Since overexpressing Os6PGDH1 alters defense-related signaling pathways, we asked if the overexpression of Os6PGDH1 affects the resistance of rice to BPH. Bioassays revealed that gravid BPH females preferred to feed and oviposit on WT plants rather than on oe6PGDH plants, suggesting that oe6PGDH plants had an antixenosis effect on BPH females (Figure 7A,B). Moreover, the hatching rate of BPH eggs was lower in transgenic lines than in WT plants (Figure 7C). Although oe6PGDH lines had no effect on survival rate of BPH nymphs (Figure S5), the number of eggs laid by a BPH female adult emerged from oe6PGDH lines was significantly lower than that laid by a female adult emerged from WT plants (Figure 7D). These results suggest that overexpressing Os6PGDH1 enhanced the resistance of rice to BPH.

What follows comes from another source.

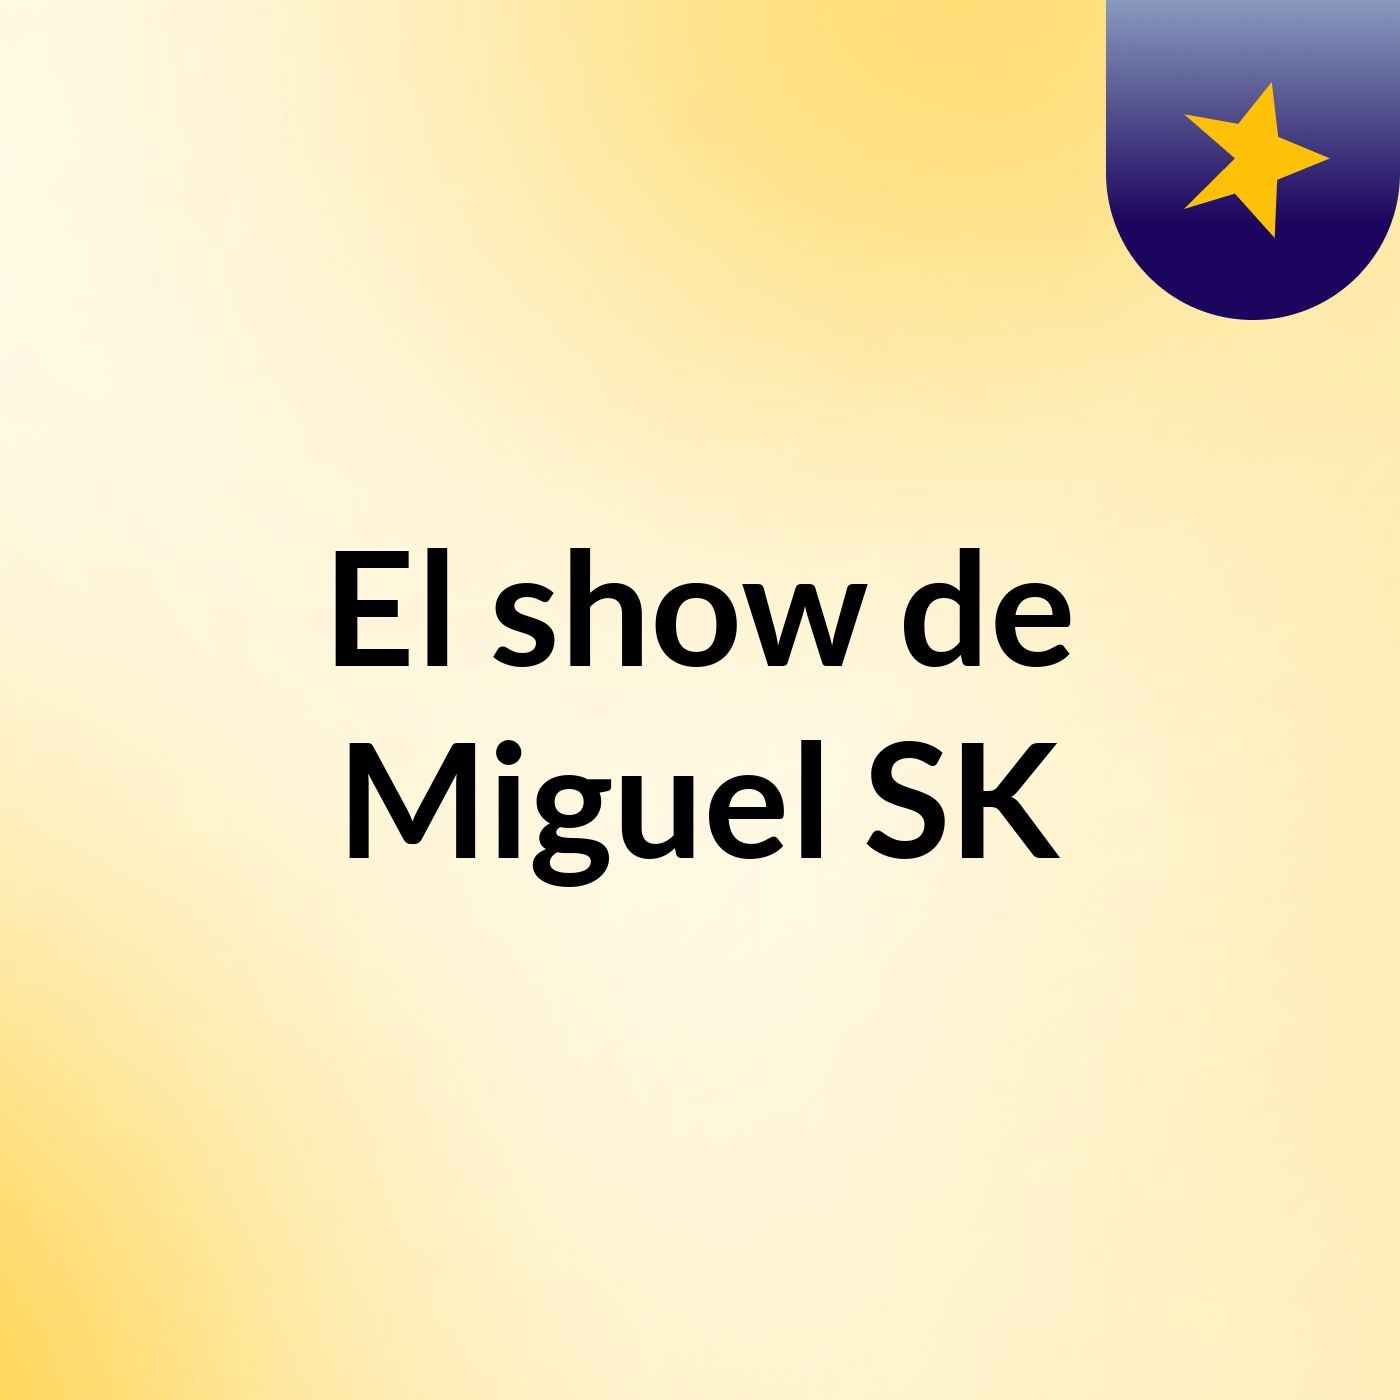 El show de Miguel SK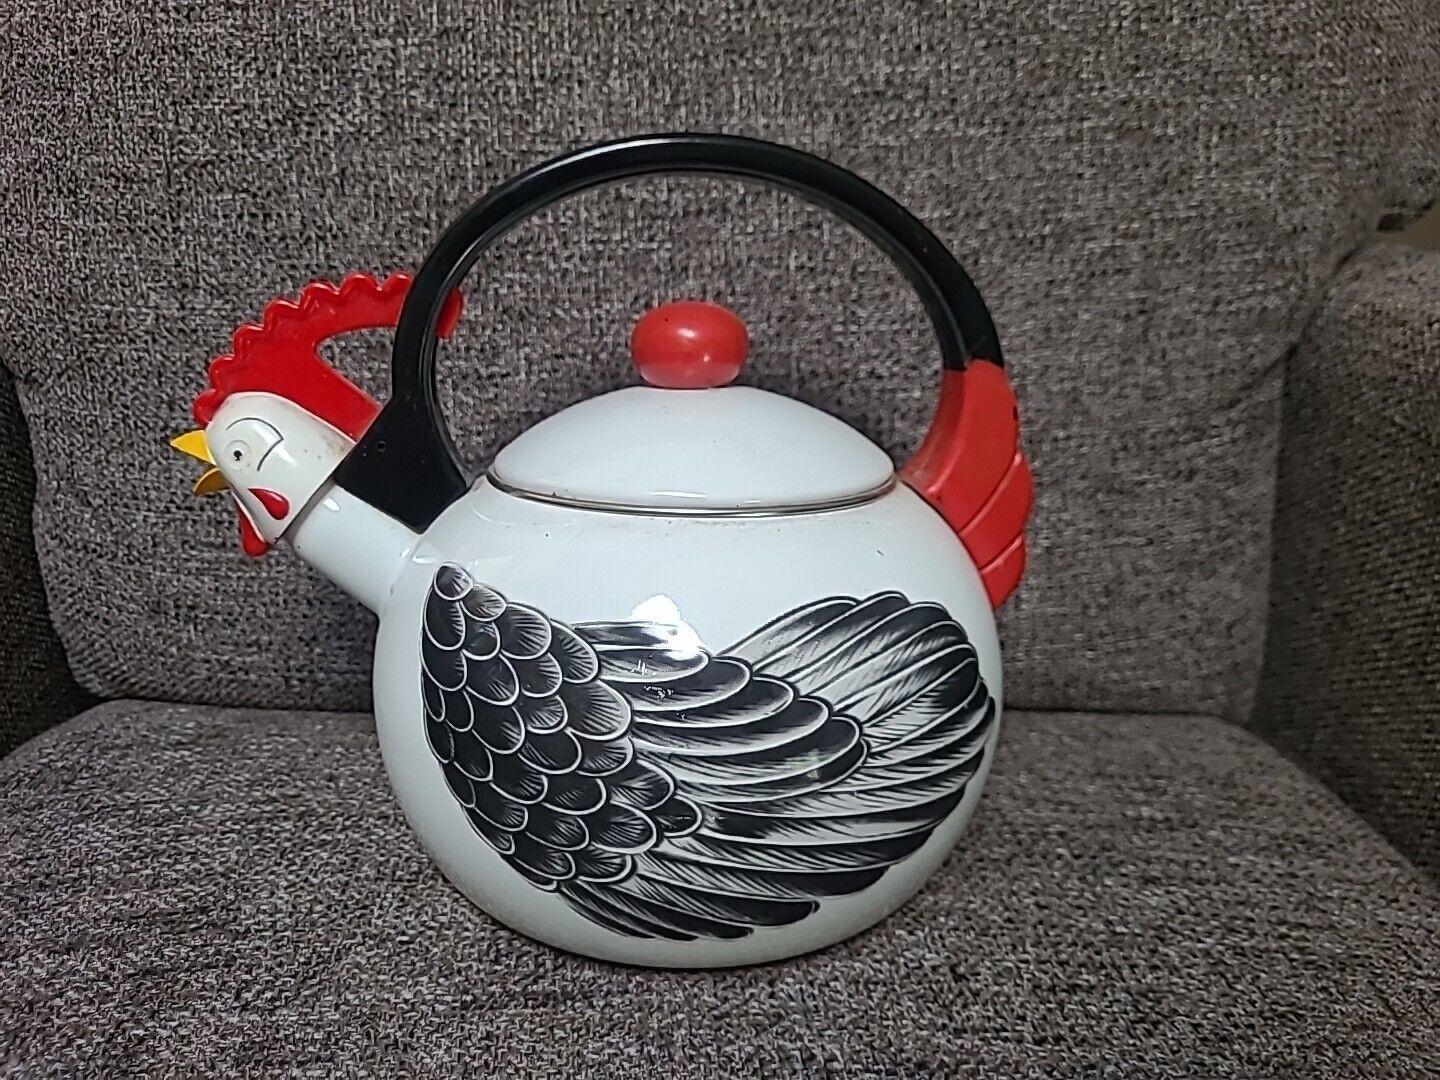 M. Kamenstein, Inc 1986 Enamel Rooster/Chicken Teapot Tea Kettle

*Os6PGDH1* positively regulates rice resistance to BPH. (A,B) Mean number (+SE, n = 10) of gravid BPH females per plant on pairs of plants (WT versus oe-15 (A) and oe-39 (B)). Insert: Mean number (+SE, n = 10) of eggs per plant on pairs of plants as stated above. Asterisks indicate significant differences between oe6PGDH and WT plants (* p < 0.05, ** p < 0.01, Student’s t-test). (C) Mean hatching rate (+SE, n = 10) of eggs on oe6PGDH plants and WT plants. (D) Mean number (+SE, n = 30) of eggs laid by one pair of BPH female and male adults that emerged from oe6PGDH or WT plants. Asterisks indicate significant differences in oe6PGDH lines compared with those in WT plants (one-way ANOVA followed by Duncan’s multiple range test, p < 0.05).

3. Discussion

In this study, we cloned the rice cytosolic 6-phosphogluconate dehydrogenase Os6PGDH1 and investigated its role in plant growth and BPH-induced defense responses. We found that Os6PGDH1 was mainly expressed in outer leaf sheaths, leaves, and roots of rice plants, and was strongly induced by mechanical wounding, gravid BPH female infestation, and JA treatment (Figure 2 and Figure 3). The overexpression of Os6PGDH1 impaired the growth of aboveground parts of plants but slightly promoted the growth of roots (Figure 5). Moreover, overexpressing Os6PGDH1 enhanced BPH-induced levels of JA, JA-Ile, and H₂O_2, and decreased the level of ethylene (Figure 6), which in turn conferred the resistance of rice to BPH (Figure 7). Our findings demonstrate that Os6PGDH1, in addition to its role in plant development and responses to abiotic stresses and pathogen infection, plays an important role in regulating the resistance of rice to herbivores.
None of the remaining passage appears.